The investigations of Baron Reichenbach added a new class of sensitives. Reichenbach announced the doctrine of an "odic" force or "odyle," streaming forth from magnets and from the human frame, and affecting the human system; certain sensitives could see these emanations, and magnetized subjects at once become "odic" sensitives. The doctrine that certain persons are sensitive to metals was an ancient one. It reappeared in the myths that were woven about Casper Hauser, the wild boy of Nuremberg (1828), who gave evidence of his unusual origin by shuddering in the presence of a needle, and evidencing intense agony in passing a hardware shop. Miss Martineau's J. holds a piece of steel so tightly that no one can wrench it from her, but touch the steel with gold and it falls from her hands at once. The following citation will show how this movement was utilized in mesmeric practices: "But to ascertain whether he (a Major Buckley, a mesmerist) can obtain conscious clairvoyance, he makes slow passes from his own forehead to his own chest. If this produces a blue light in his face, strongly visible, the subject will probably acquire conscious clairvoyance. If not, if the light be pale, the subject must first be rendered clairvoyant in the sleep. Taking those subjects who see a very deep blue light, he continues to make passes over his own face, and also over the object, a box or a nut, for example, in which written or printed words are inclosed, which the clairvoyant is to read. Some subjects require only a pass or two to be made clairvoyant, others require many. They describe the blue light as rendering the box or nut transparent, so that they can read what is inside. If too many passes be made by Major B., the blue light becomes so deep that they cannot read, and some reverse passes must be made to render the light less deep. Major Buckley has thus produced conscious clairvoyance in eighty-nine persons, of whom forty-four have been able to read mottoes contained in nut-shells, purchased by other parties for the experiment."

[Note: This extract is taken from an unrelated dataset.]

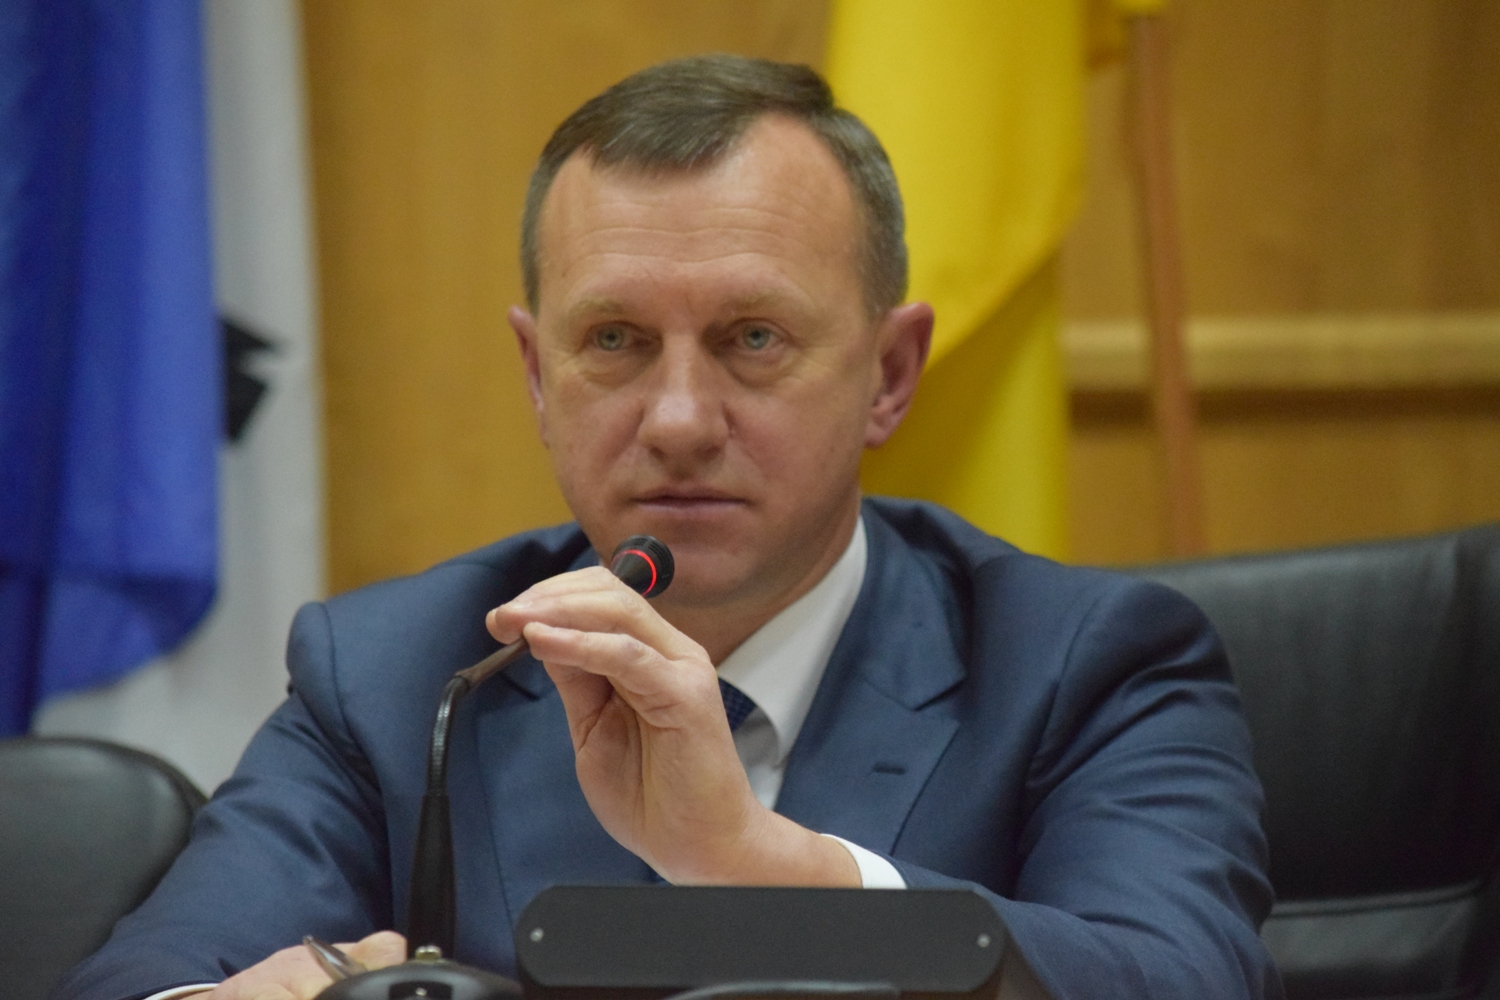 Ужгородський міський голова Богдан Андріїв публічно звітував перед громадою про роботу у 2018 році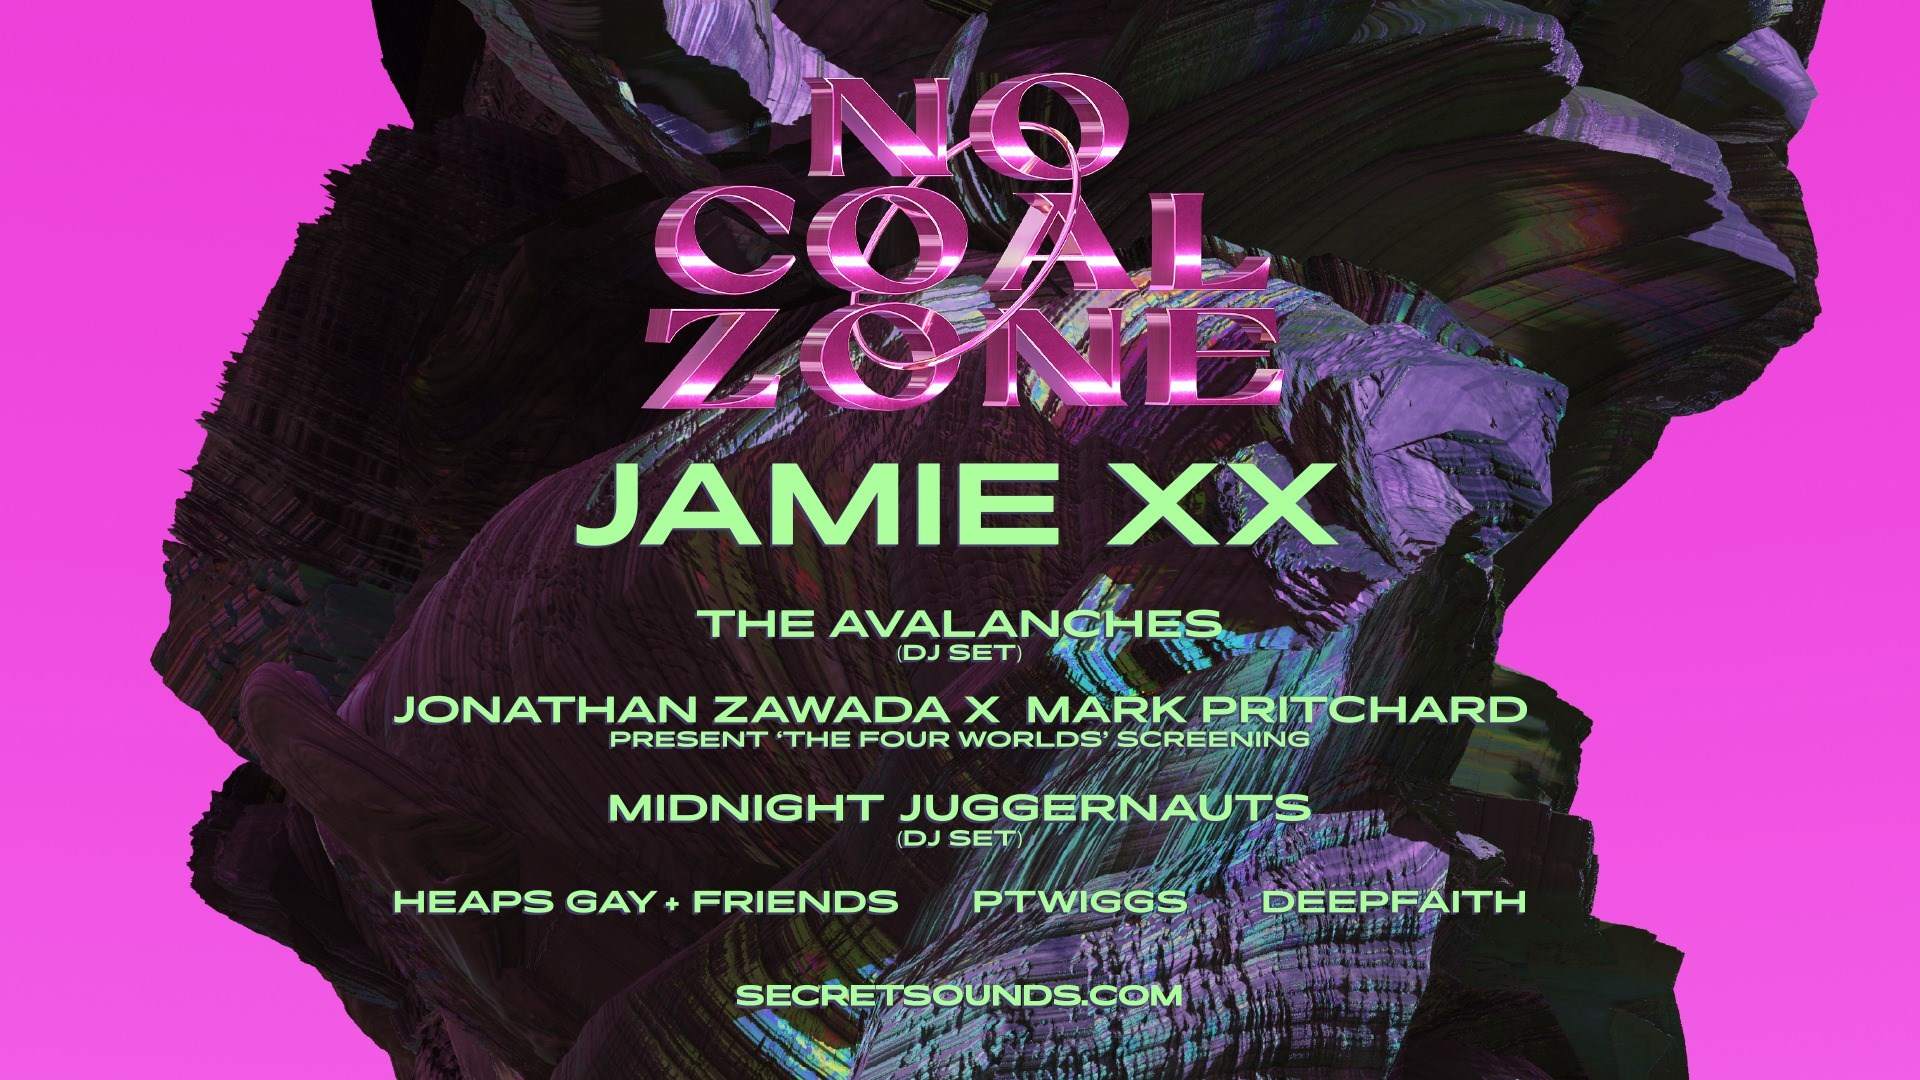 Jamie xx - No Coal Zone - Página frontal

It must not be supposed that these practices have entirely disappeared. In a work published as late as 1869 we may read such sentences as, "the clairvoyance of an idiot in a state of somnambulism would inspire me with more confidence if I were sick than the greatest geniuses which grace modern medicine;" and again, "it never could be imagined with what tact, accuracy, and precision, somnambulists account for anything that takes place in them. They are literally present at the performance of all their organic functions; they detect in them the slightest disorder, the minutest change. Then of all this he forms a clear, exact, and mathematical idea. He could tell, for instance, how many drops of blood there are in his heart; he knows, almost to a gramme, how much it would require to satisfy his appetite at the moment; how many drops of water would be necessary to satisfy his thirst, and his valuations are inconceivably exact. Time, space, forces of all kinds, the resistance and weight of objects, his thoughts, or rather his instinct measures, he calculates, appreciates all these matters by a single glance of the eye." In the lectures and cheap compendiums telling "How to Mesmerize," and giving "The Whole Art of Mesmerism," by which the traveling mesmerists of yesterday, if not of to-day, extend their fame, one may find these very same doctrines side by side with garbled accounts of recent discoveries in hypnotism. But we have already dwelt too long upon the aberrations of the human intellect, in which the ludicrous and the solemn are so curiously combined.